For one thing, he uses many techniques that are key to achieving success in business (hence his popularity as a speaker). He emphasizes team building and team play, brand awareness, goal-setting, resource management, and building and sustaining a quality product. But he often puts an unusual spin on these mainstays.

Krzyzewski tells executives that the key to Duke’s basketball success is the hard work, mental toughness, and “heart” demonstrated by his players. Having said that, he describes the rather eclectic business strategies he uses to run his unusual company.

Krzyzewski, described by The Sporting News as “what’s right about sports,” says, for example, that he’s big on values that can make every team great on and off the court: communication, trust, collective responsibility, caring, and pride. “I like to think of each as a separate finger on the fist,” he says. “Any individual finger is important.
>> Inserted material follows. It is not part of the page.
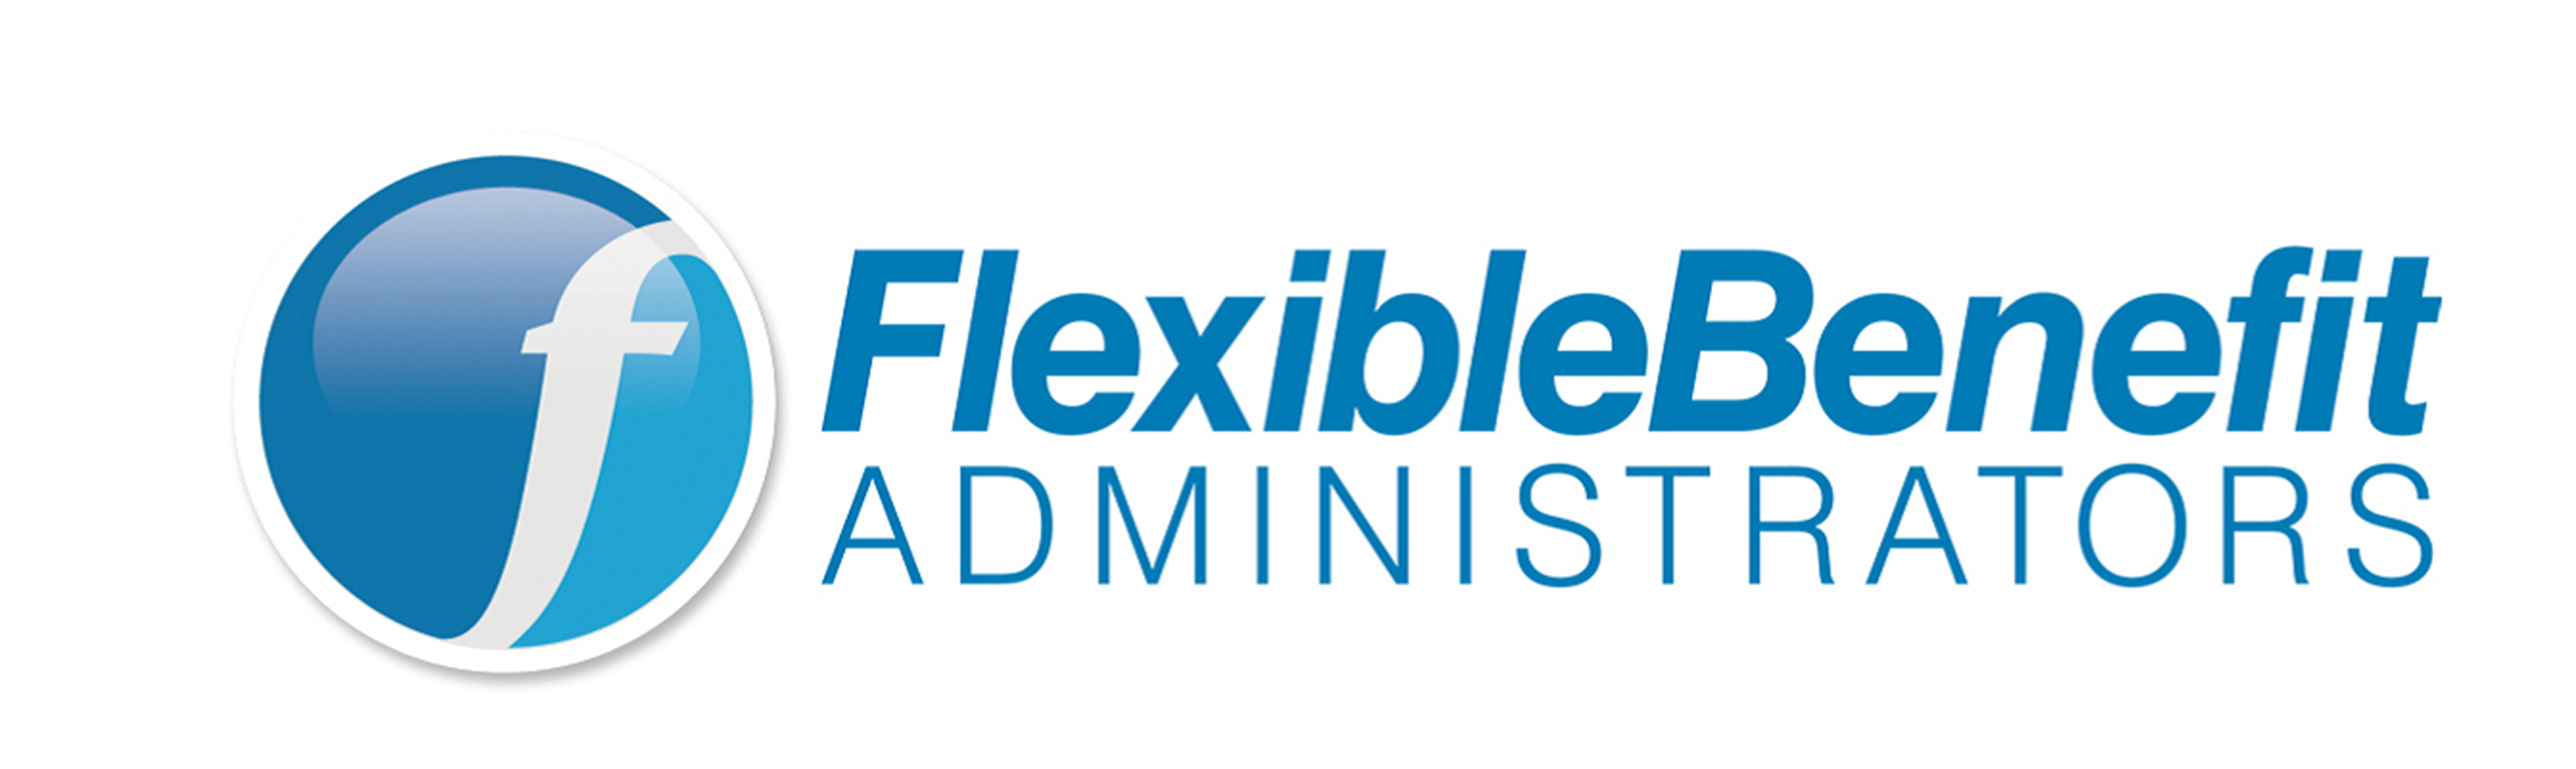 About Us | Flexible Benefit Administrators, Inc.
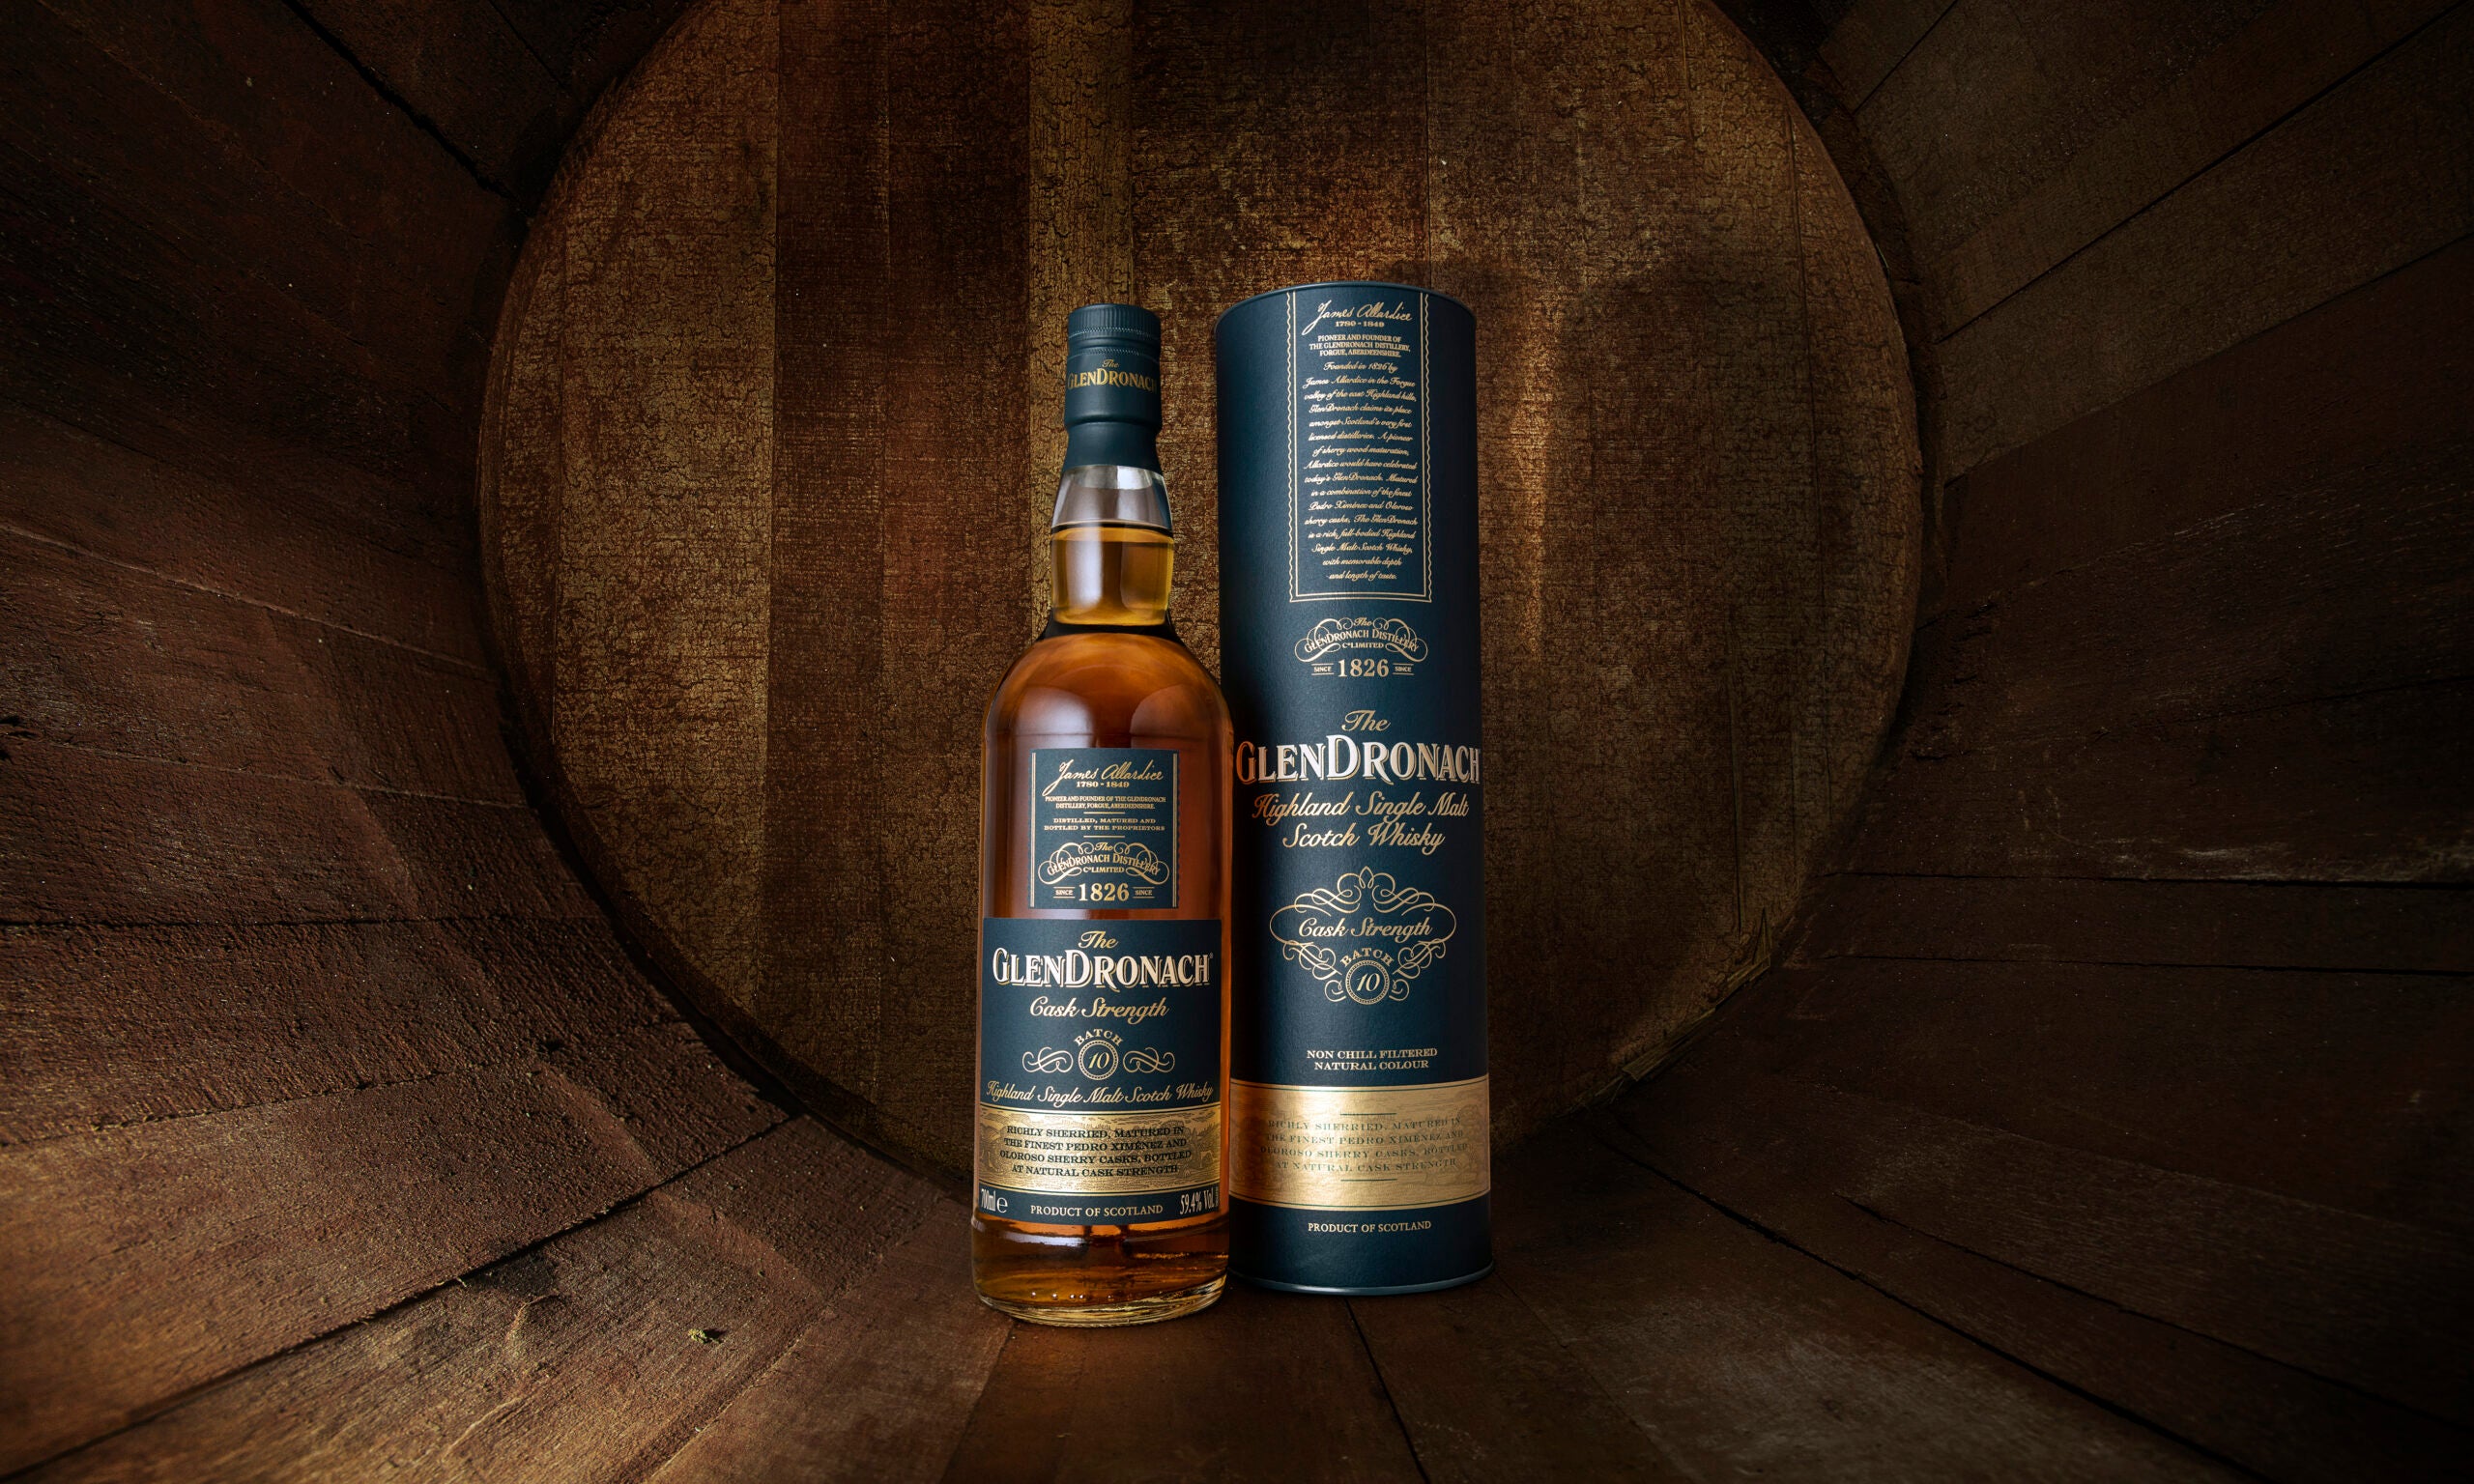 The GlenDronach Cask Strength – Glendronach Distillery

But all of them together are unbeatable.”

“This isn’t all about ‘I love you,’ and ‘Let’s hold hands and skip,’” he says in his latest book (with Donald Phillips), Leading With the Heart: Coach K’s Successful Strategies for Basketball, Business, and Life(Warner Books, 200; paperback, March 2001), “It’s also about ‘Get your rear in gear,’ “What the hell are you doing?’ and ‘Why aren’t you in class?’”

“Discipline is not such a bad thing,” he says. “It’s simply doing what you’re supposed to do as well as you can when you’re supposed to do it.”

“Too many rules get in the way of leadership and box you in,” Krzyzewski says. “I think people sometimes set rules to keep from making decisions.”

And how’s this for a radical departure from the bottom-line focus: “I never set number goals,” he proclaims. “Never.” Goals that focus on playing together as a team are more important and can position your team to win every game, he says.

Can anyone notice the parallels between the way Coach K runs things at Duke and the way Pop runs things with the Spurs?

In Leading With the Heart, he says he recruits only players who are “coachable” and who want to be a part of a team. He also sets different goals each year, basing them on the personalities and abilities of each new group.

He promotes team interdependence in a variety of ways. For example, early each season he gives players a card with all their teammates’ and coaches’ home phone numbers and encourages them to stay in touch with and help one another. (That emphasis is obvious on the court, according to ESPN analyst d*ck Vitale. “If there is one word to sum up Duke on offense, it’s unselfish,” he said after a Duke win in December.)

Krzyzewski’s recruiting philosophies also reflect his strong feelings about the importance of teamwork. While he has recruited his share of “stars,” he says he doesn’t bring them in based on technical merit alone. “It’s equally important to consider how they might work as part of team,” he says. And once he has recruited a good group, he works to earn their respect by being “caring, communicative, and honest,” Krzyzewski says. “Your team needs to instantly believe what you say” he tells business leaders. “That’s why you have to embrace the hell out of personal responsibility.”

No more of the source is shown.